А Кадуха (ему было начхать, кто и что о нем думает) вытащил из-под палатки спиннинги. Любовно осмотрел рыболовные снасти, и глаза его лихорадочно заблестели:
— Вот это да! Шикарные спиннинги!
Что и говорить, спиннинги были замечательные: черные, лакированные удилища длинные-предлинные — так и хотелось поскорее забросить их в воду; катушки небольшие и легкие, приятного нежно-голубого цвета. А блесна! Ну точно золотая рыбка, а под ней хитро вмонтированы стальные крючки. На такую блесну кинется щука, не меньше, да и сам ты, увидев в воде такую золотую рыбку, непременно погнался бы за ней.
— Пошли, Бен, забросим, — нетерпеливо сказал Кадуха. — А вы, братва, караульте. Если что — свистните…
Вадька с Беном, вооружившись спиннингами, побрели, увязая по щиколотку в песке. А у палатки остались сидеть сразу же скисшие Панченко и Зинчук. Проводили они взглядами свое начальство, увидели, как Вадька размахнулся и забросил серебристую нитку далеко в воду. Бен что-то завозился, попытался забросить, но не получилось — наверно, запуталась леска…

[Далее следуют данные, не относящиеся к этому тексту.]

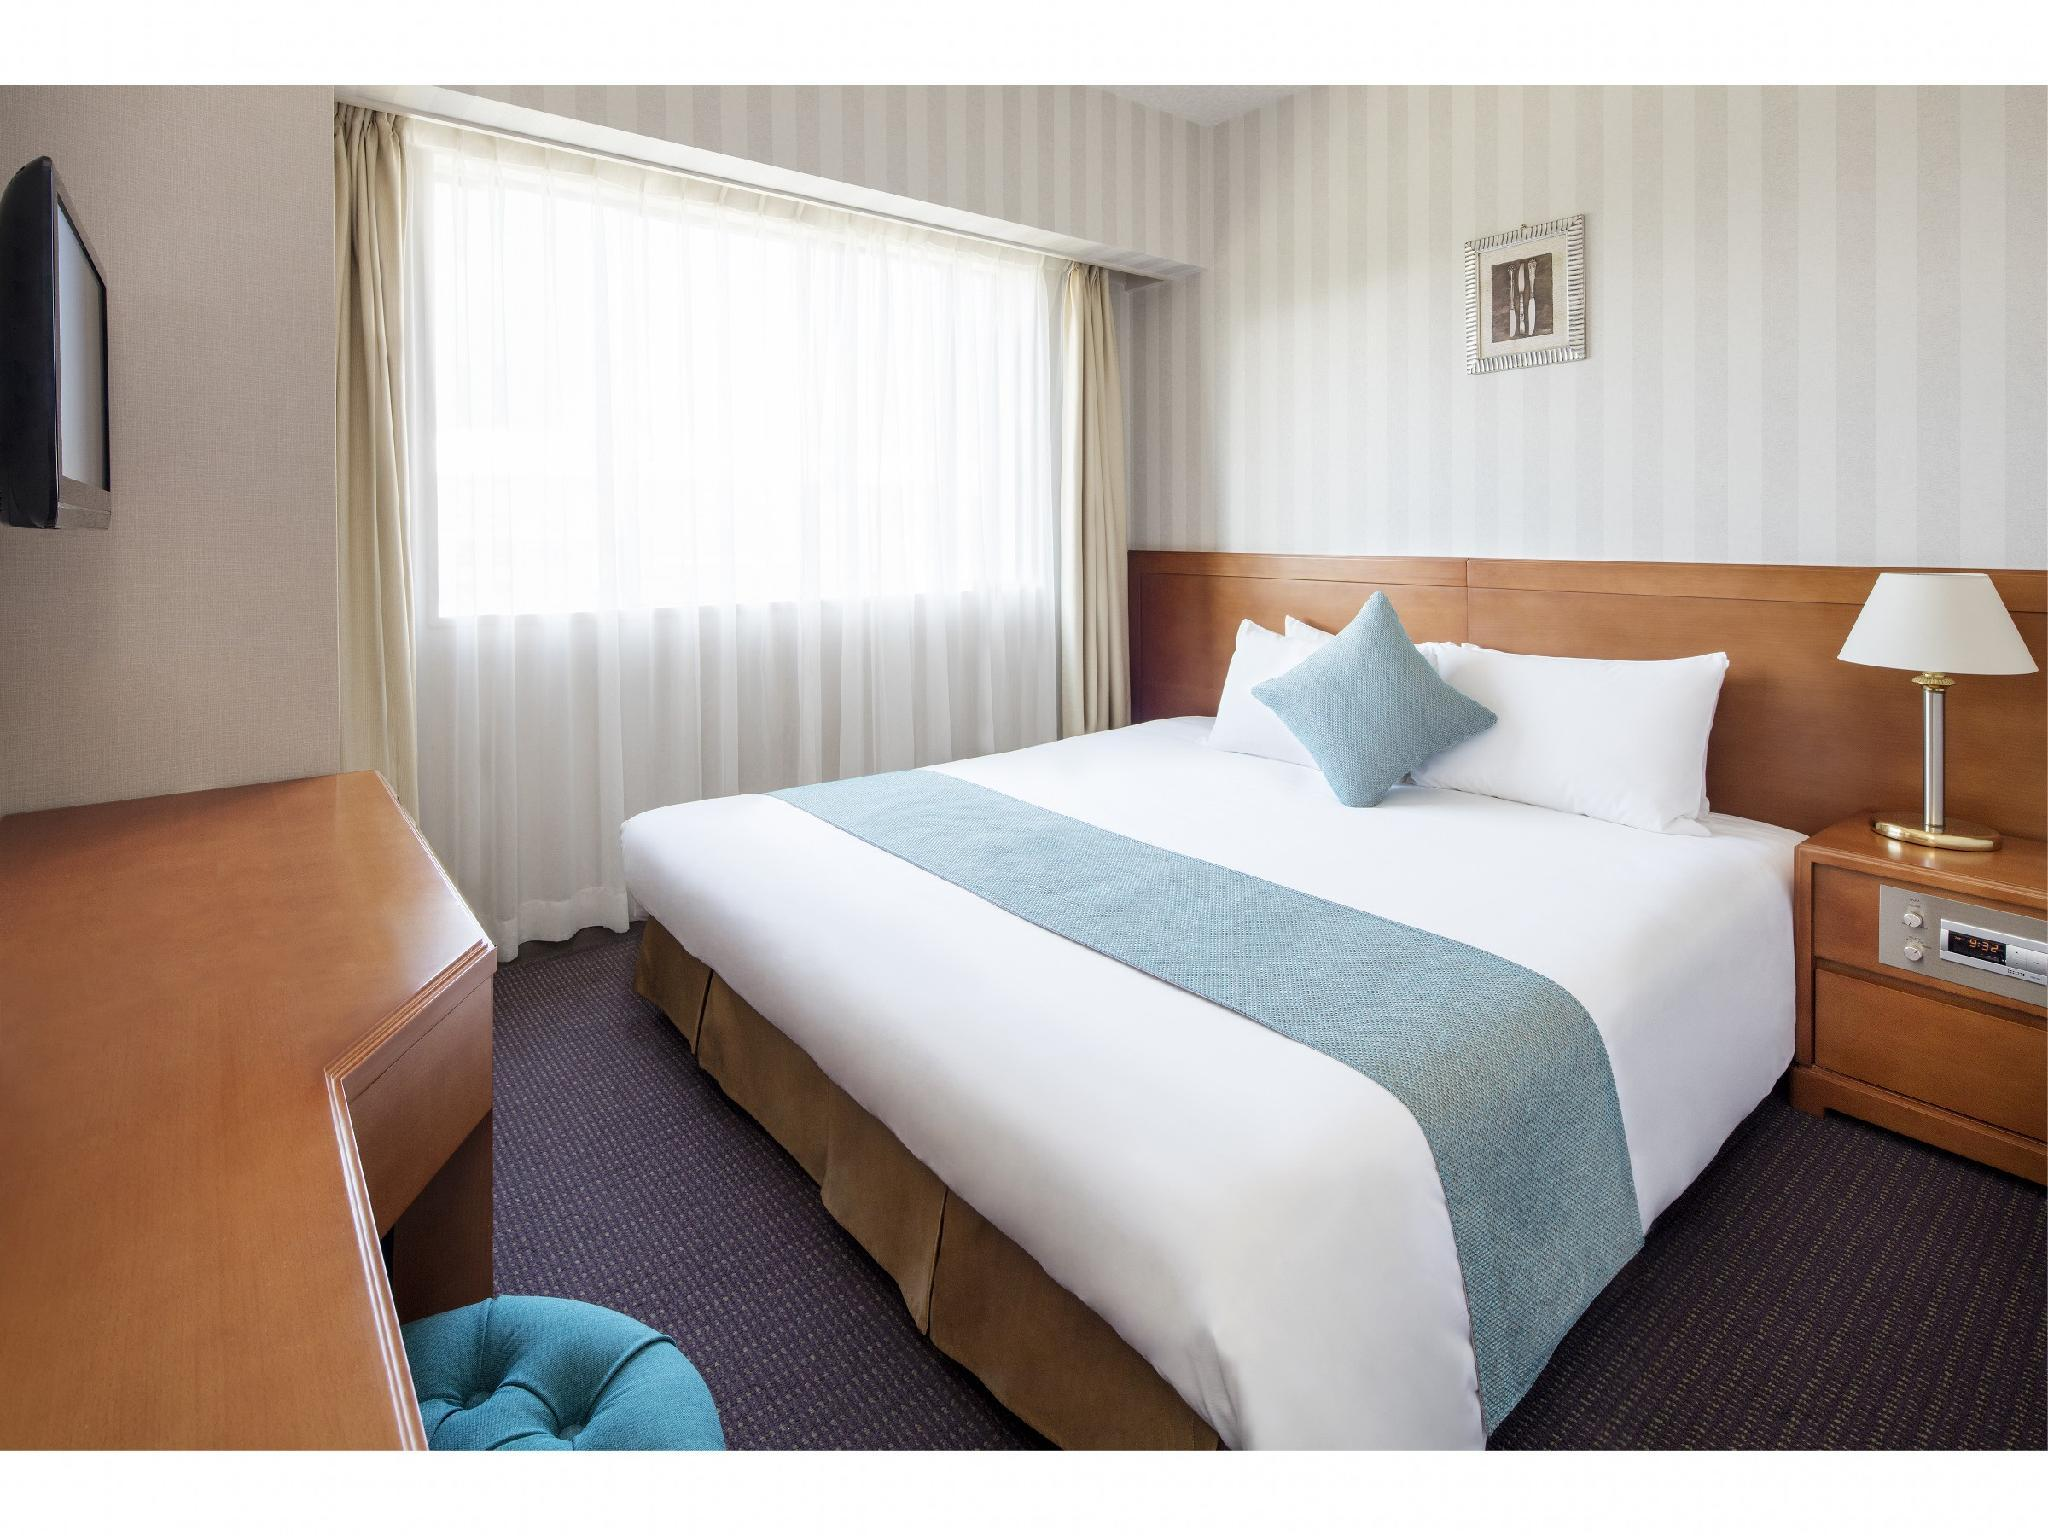 Hotel Francs, Chiba

А речка гудела, растревоженная катерами, с высокого правого берега уже ложились на воду длинные вечерние тени. Странно: если днем Кадуха все время тревожно озирался и всячески проявлял беспокойство, то с приближением сумерек он становился все бодрее и веселее. Мрак, безлюдье, тайный ночлег в глухом необитаемом месте вполне устраивали его: темнота — своя тетка, не выдаст. Однако перспектива остаться на ночь тут, в этой никому не ведомой глуши, не особенно улыбалась другим сынам Лукьяновки — Зинчуку и Панченко.

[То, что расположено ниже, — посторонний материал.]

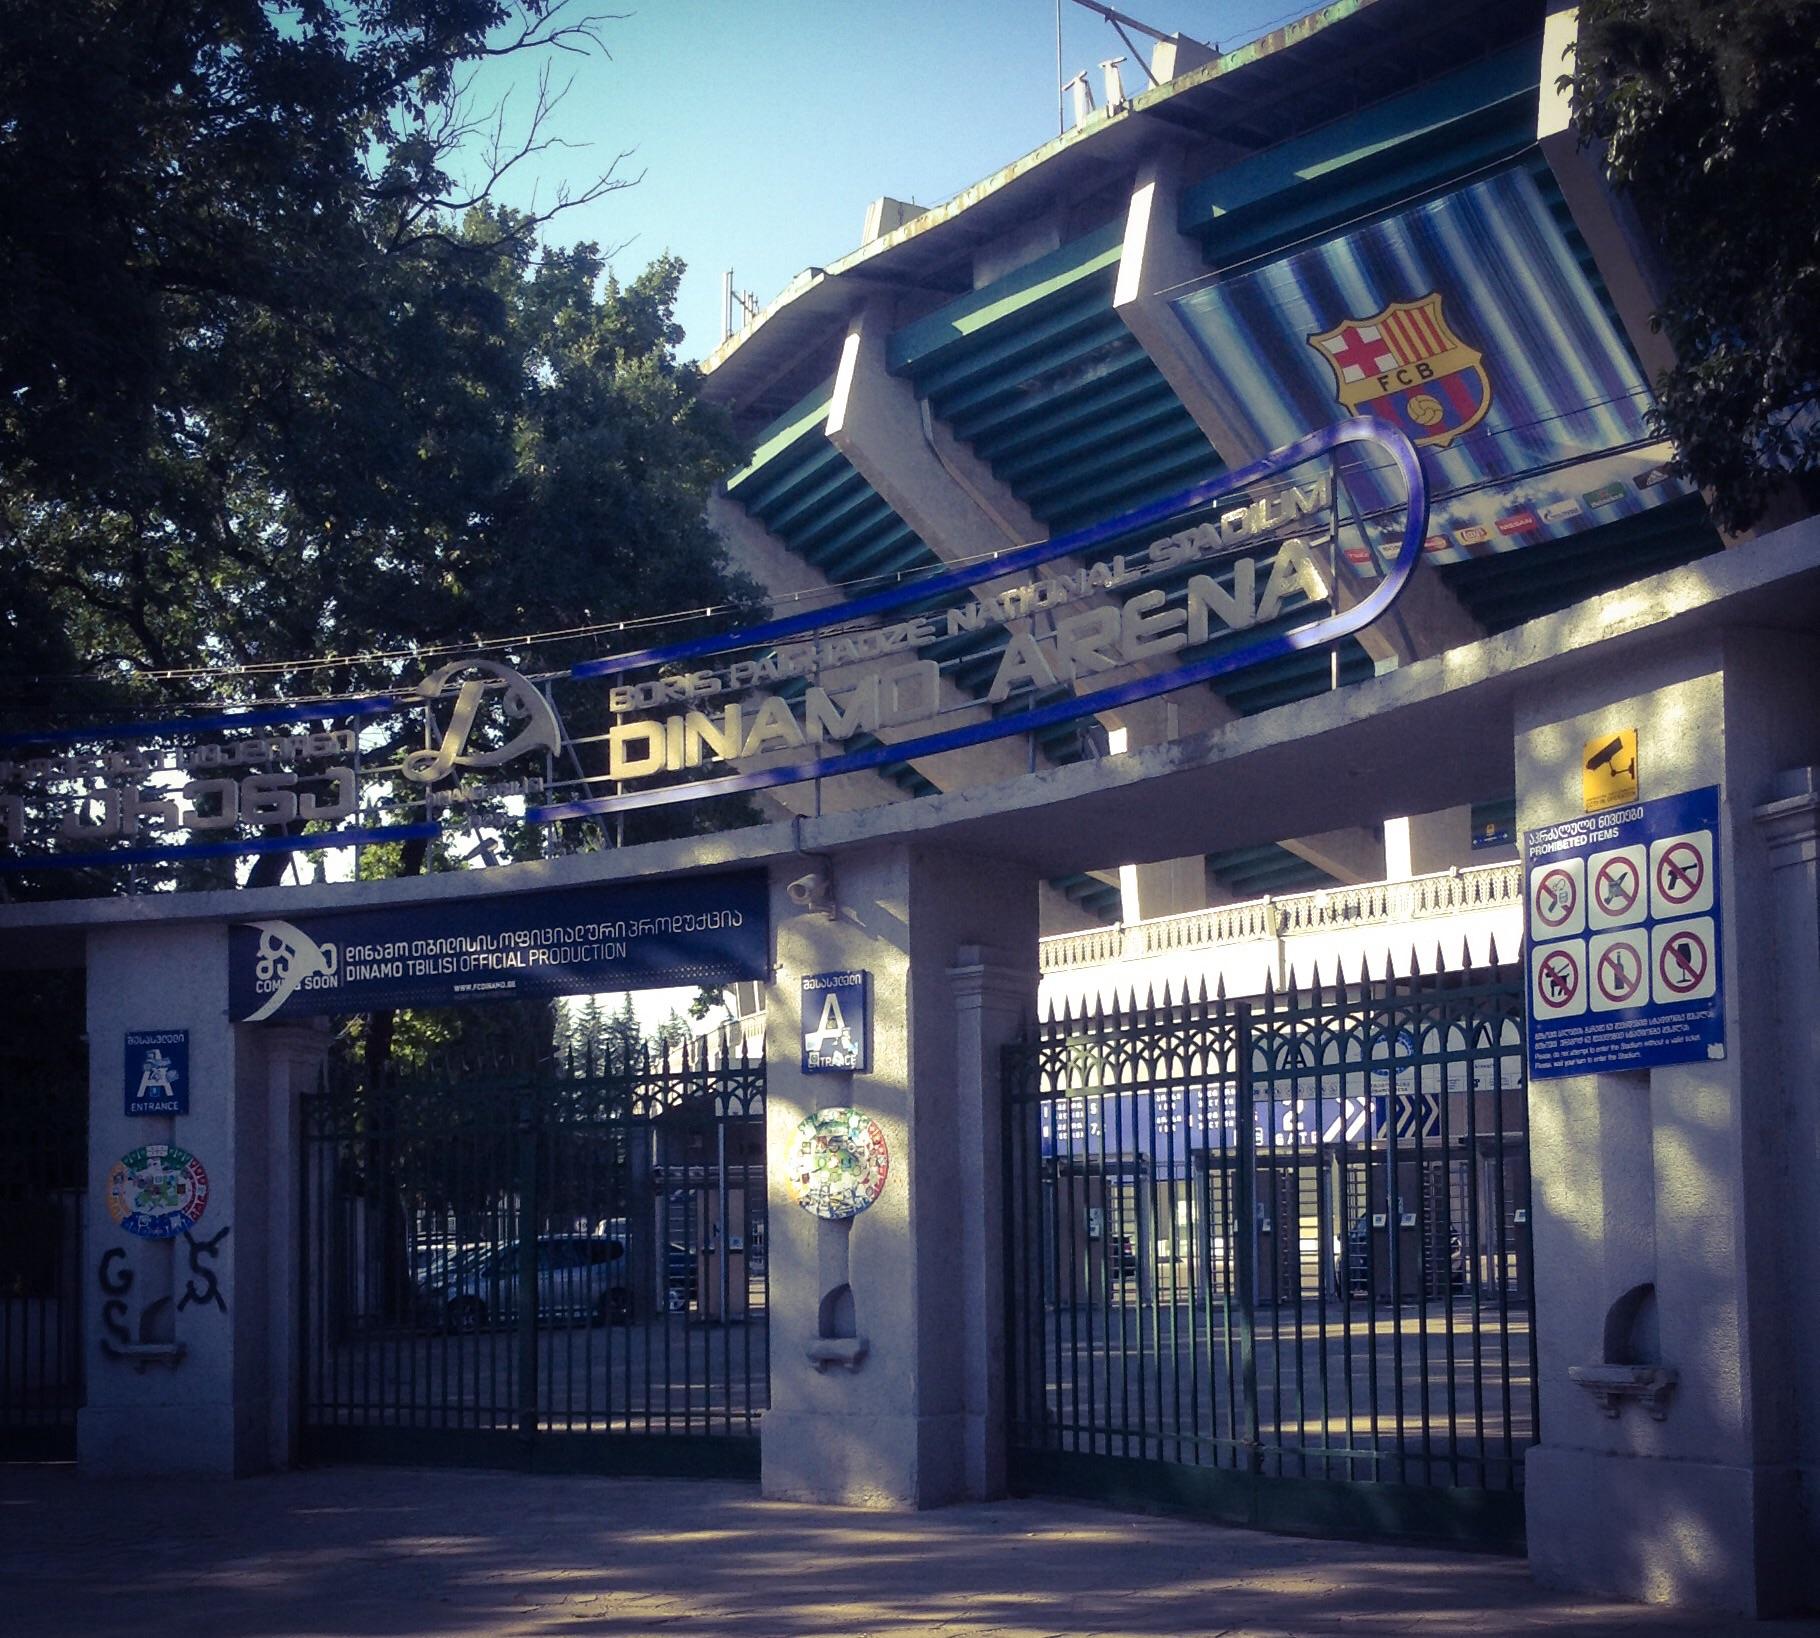 UEFA Super Cup – Introducing The Boris Paichadze Dinamo Arena

Днем в компании они веселились. А сейчас уныло сидели вдвоем возле палатки — и то ли разморило их на жаре, то ли тревога постучала в сердце (домой!), но Костя и Родька вдруг примолкли, перестали обсыпать друг друга песком (им даже говорить расхотелось) и только украдкой поглядывали на противоположный, высокий берег Днепра, где в голубоватой вечерней дымке можно было различить (или представить себе) силуэты далекого Киева. А там школа, суета, звонки: «Где Панченко?» — «Нету Панченко!» — «Где Зинчук?» — «Нету Зинчука!» Директор нажимает на кнопку, вбегает курносая курьерша Нюся, и вот уже летят на Лукьяновку директоровы депеши: одна родителям Кости, другая — родителям Родьки, а дома…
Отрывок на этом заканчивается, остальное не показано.